Structurally insulated roof panels (SIRP) are a welcome addition to any building plan. They consist of an insulating layer of rigid core sandwiched between two layers of metal or structural board. They are lightweight hence easy to assemble on site, yet they also have superior durability and strength. The panels are also able to withstand extreme weather conditions. Despite their outright simplicity and countless advantages, many people make grave mistakes when acquiring SIRPs. If you are interested in setting up such a roof panel for your home, here are some major mistakes you should avoid.
Ignoring the colour
The colour of the insulated roof panel in very important when making a selection. Some people dismiss colour as a factor only associated with aesthetics. This is far from the truth. The outer layer normally absorbs heat from the sun while the inner layer retains the ambient temperatures. If the temperature difference between the two layers is high enough, the stresses experienced may damage the whole panel. Using dark, absorptive colours for the outer layer only compounds this problem. Ensure the colour is compatible with the environment you live in. Use reflective colours such as silver for the outer layer of the SIRP where solar heat is a major concern
Failure to employ proper joinery guidelines.
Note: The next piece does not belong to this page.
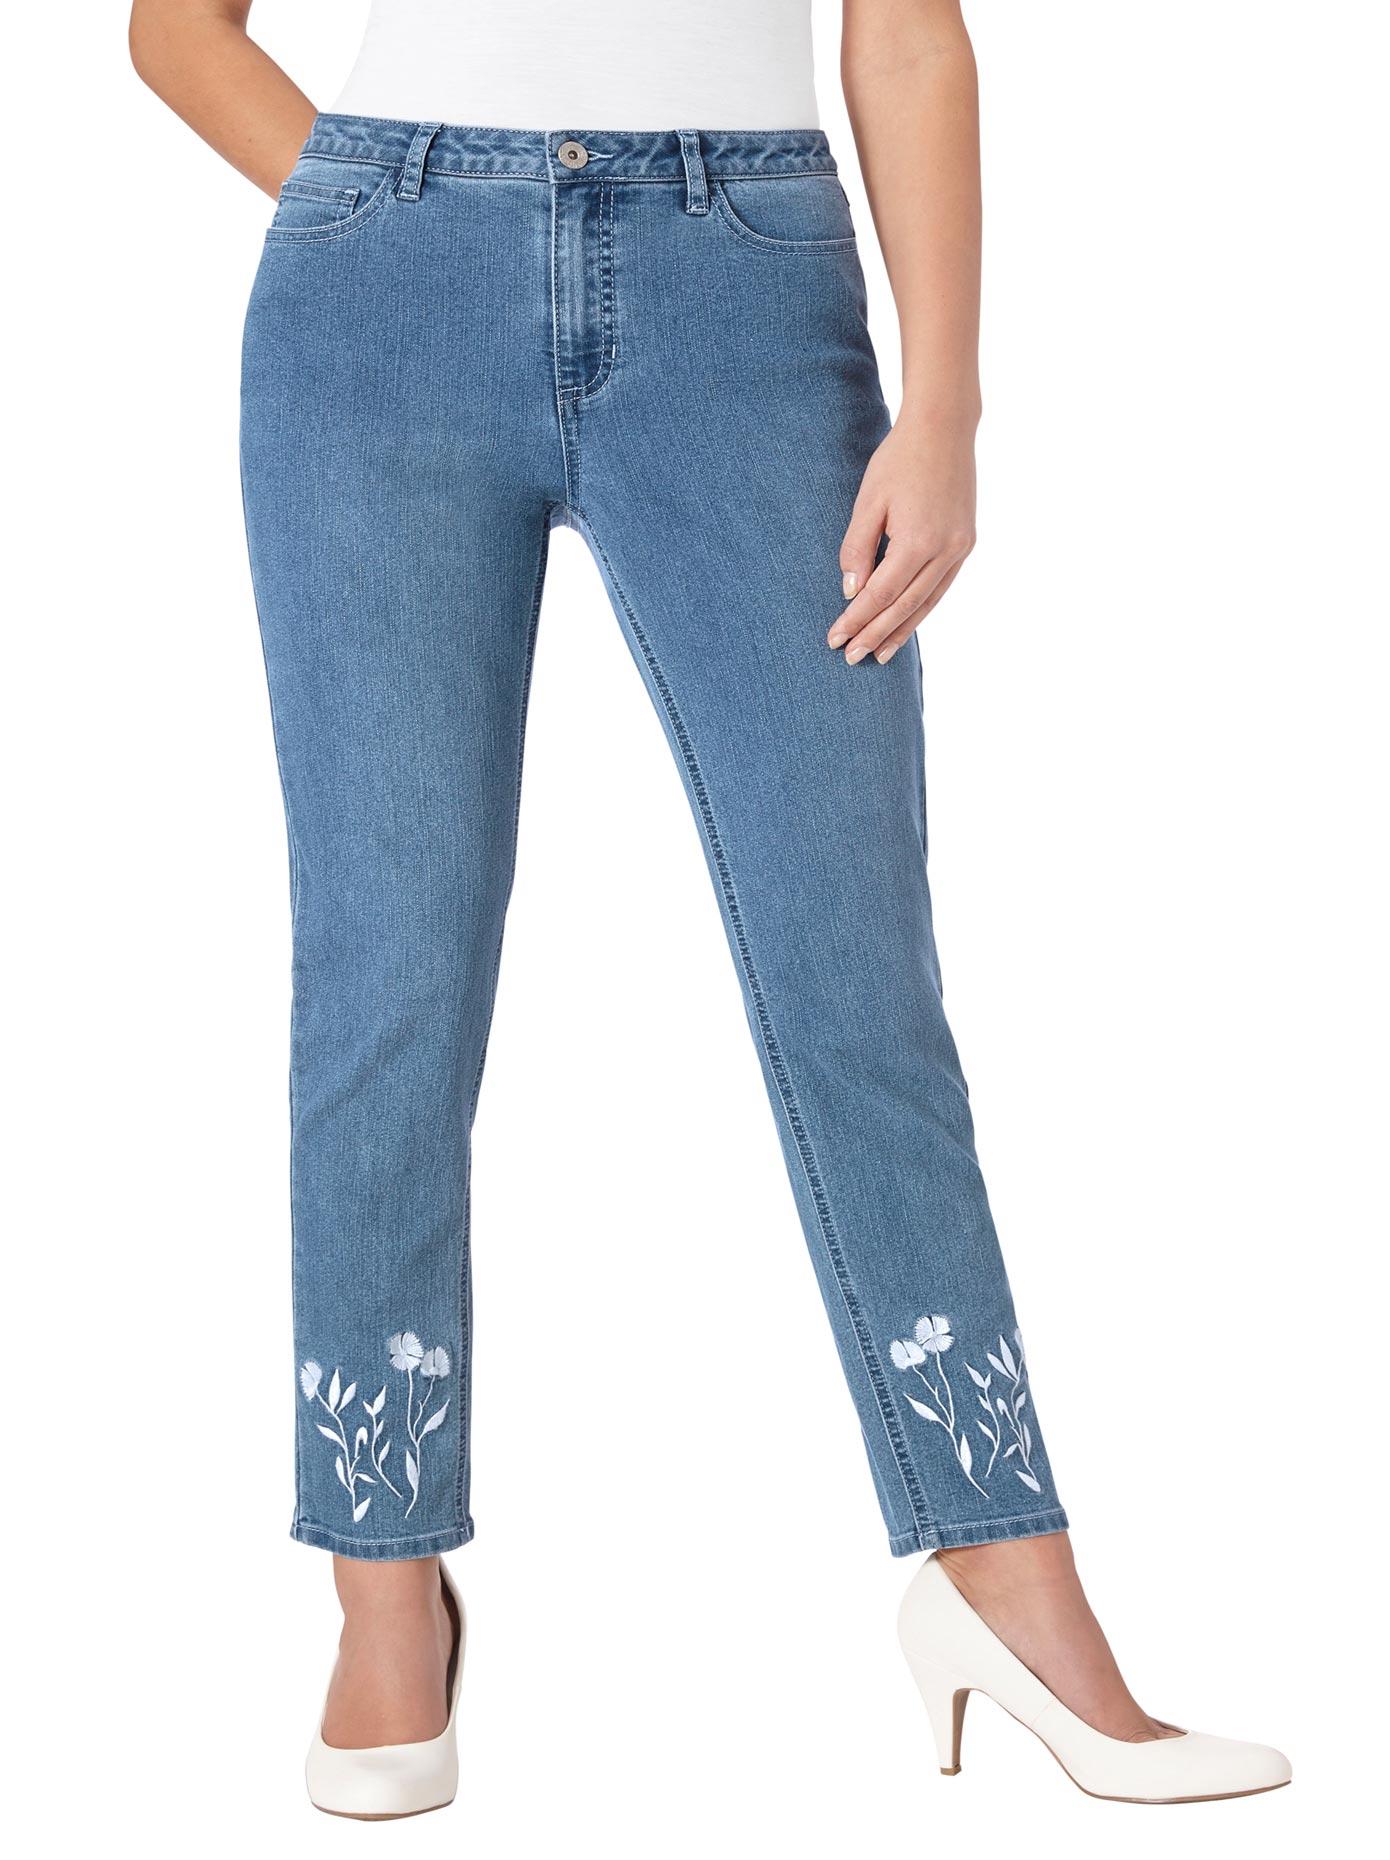 Image of Alessa W. 5-Pocket-Jeans
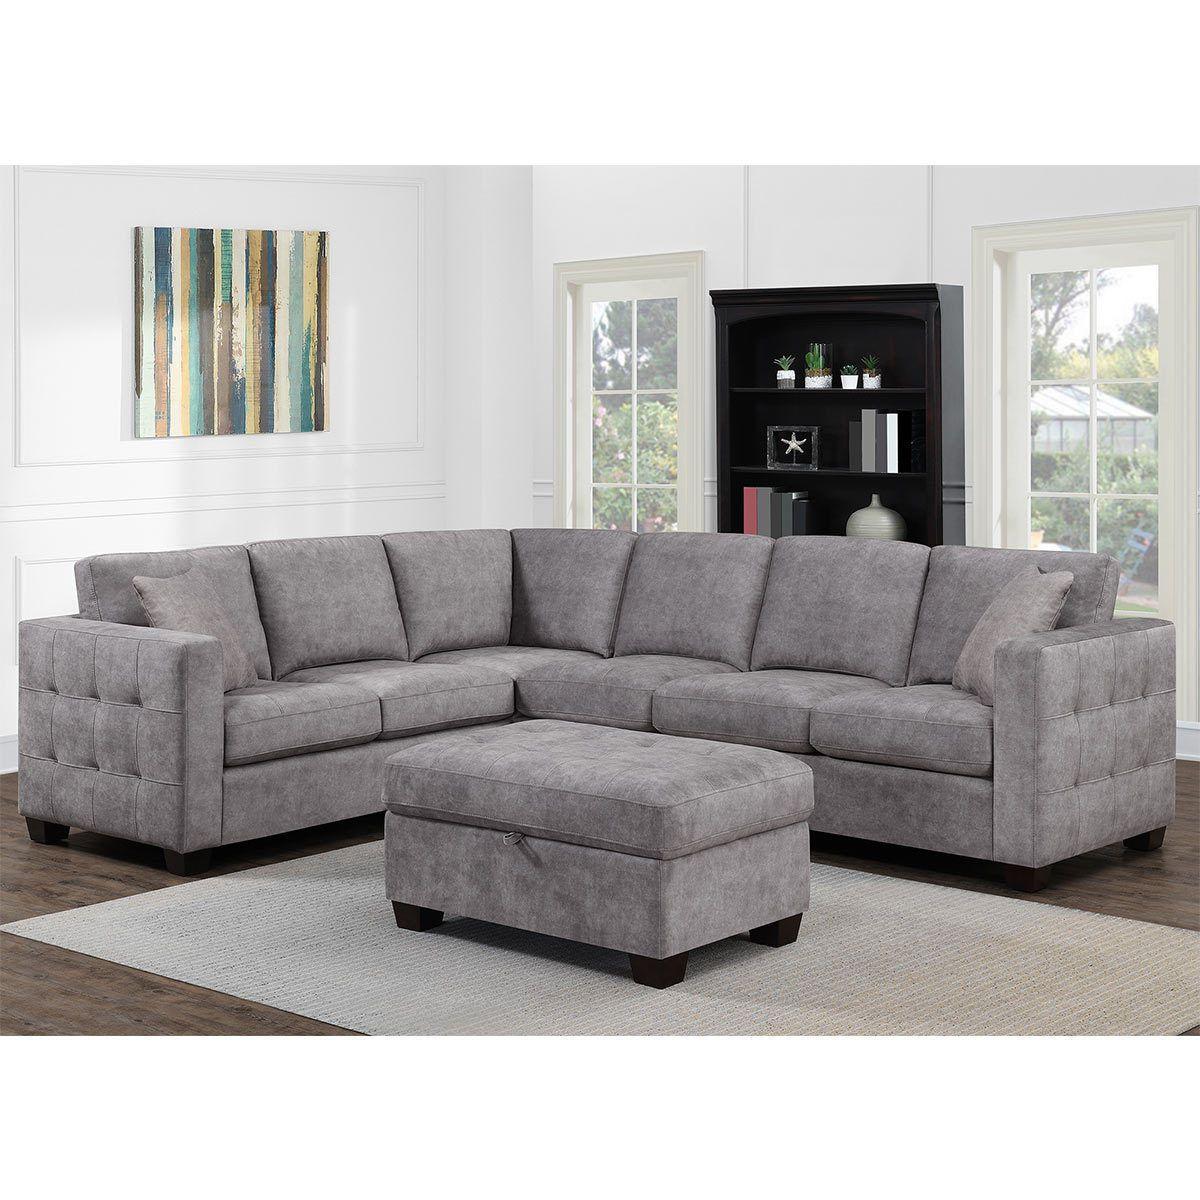 Thomasville Kylie Grey Fabric Corner Sofa With Storage Ottoman Corner Sofa With Storage Grey Fabric Corner Sofa Sofa

The insulated roof panels work as an insulator as well as provide a barrier for both air and water. In order to ensure the panels are remotely effective, the joints between them should be seamless. Failure to do this will compromise the integrity of the panels as a whole. When purchasing SIRPs, get the specific manufacturer's joinery guidelines to do the job. Some companies may even use specific joinery systems only for their products. Therefore, using general sealants and gaskets then opting to bumble your way through the process will cost you. Instead, follow the manufacturer's guidelines to the letter, or allow them to make the installation when you're unsure of your abilities.
Failing to account for expansion and contraction.
The insulated roof panels are liable to expand to a greater extent than other construction materials such as wood. This is due to the panel's constituent materials and the multiple layers involved. The overall design of the panelling should account for these changes as the temperatures fluctuate. Ensure the sizes of your SIRPs are correct for your roof. The joints between them should also be flexible enough to accommodate the movements but still able to maintain the integrity of the panelling.